While some risk factors for Alzheimer's disease, such as aging and genetics, can't be altered, research suggests many different methods may help prevent this devastating memory disorder. Studies show that living a healthy lifestyle that includes staying both physically and mentally active may reduce the risks of getting the memory disease. Eating healthy foods and avoiding smoking are part of a healthy lifestyle that may help in prevention.
Working on mental challenges such as puzzles and games may help keep the brain fit in terms of memory improvement. Some studies show that logic puzzles as well as word games and riddle solving, especially as a person gets older, may help prevent Alzheimer's. Learning new things, rather than just maintaining the same activities, when a person turns 65 may also act as a deterrent to getting the brain disorder. Whether it's learning another language, developing skills in a new sport or experimenting with a different craft technique, trying new activities is thought to benefit mind health and help prevent some types of brain diseases such as Alzheimer's.

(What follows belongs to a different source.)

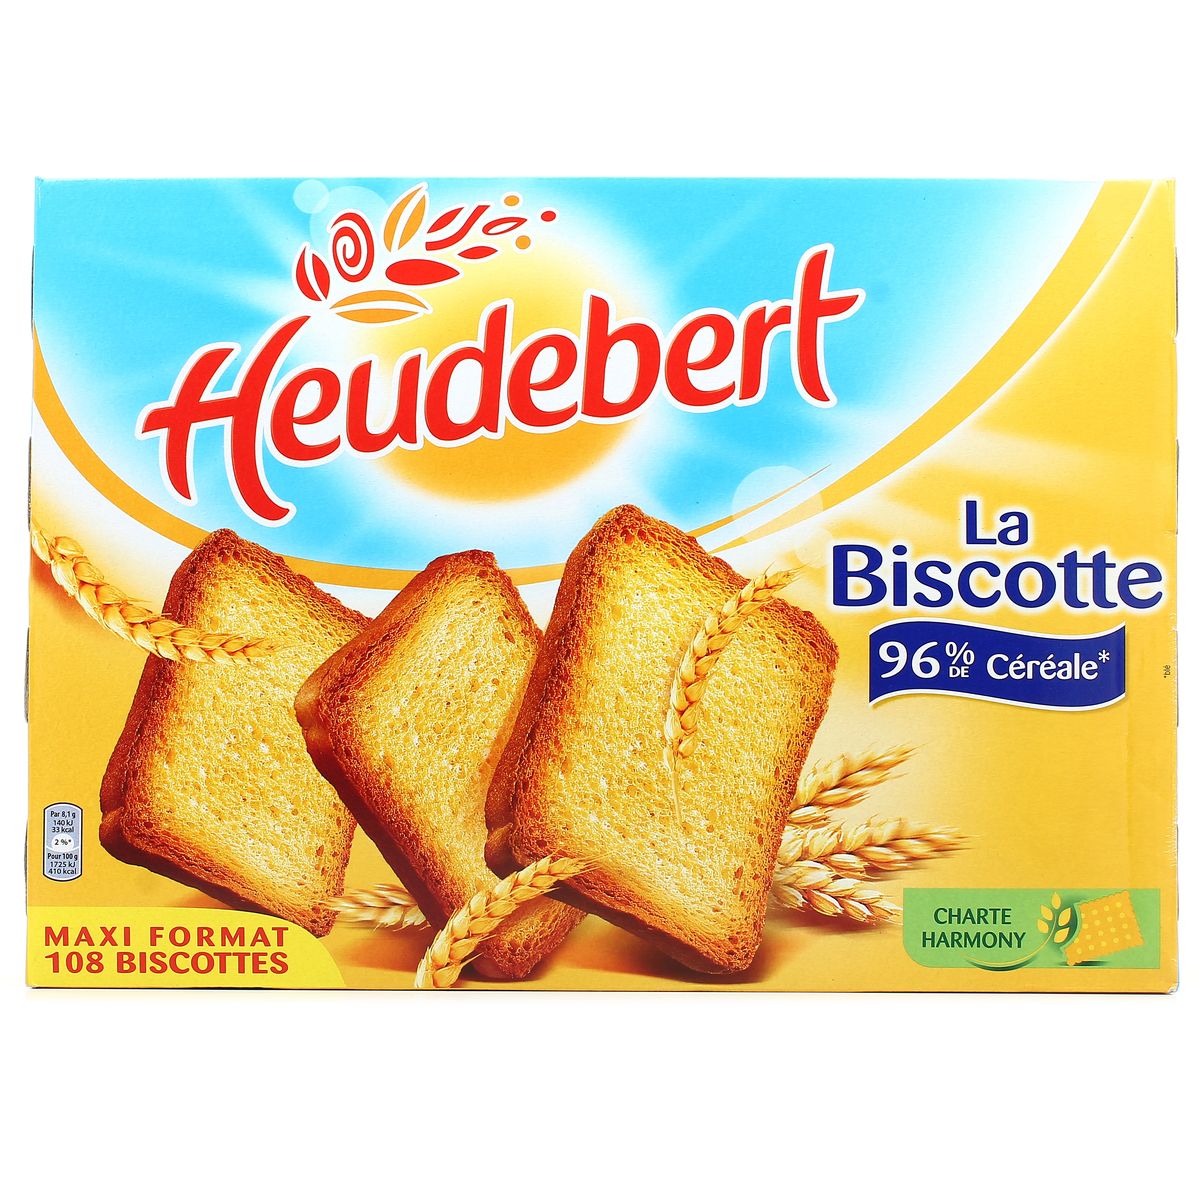 Biscotte à la farine de blé complet, Heudebert (2 x 16, 280 g)

Physical, not just mental, activity is considered important in attempting to prevent developing Alzheimer's disorder. Walking, stretching and other daily activities such as housecleaning or gardening can help keep seniors' bodies coordinated as well as physically fit. Some studies have shown that weight training after the age of 65 may reduce the risks of getting Alzheimer's by as much as 50%. At least 30 minutes of different exercises five times a week is thought to play a part in building physical health to prevent Alzheimer's.
A healthy diet and not smoking are other lifestyle changes that may cut Alzheimer's risks. Smoking after age 65 is especially thought to raise the risk of developing Alzheimer's disease. Of course, it's better not to start smoking at all, but quitting the habit as soon as possible may help prevent Alzheimer's according to some research.
The role of diet in Alzheimer's disease prevention is suggested by studies to be linked to the regular consumption of foods containing Omega 3 fatty acids, such as some types of fish, plus nuts and olive oil. Fresh fruits and vegetables as well as whole grains are also thought to help prevent Alzheimer's. Since obesity and diabetes are suggested by some studies to contribute to the risks of developing the Alzheimer's brain disorder, keeping a healthy body weight, as well as monitoring one's overall health, is important.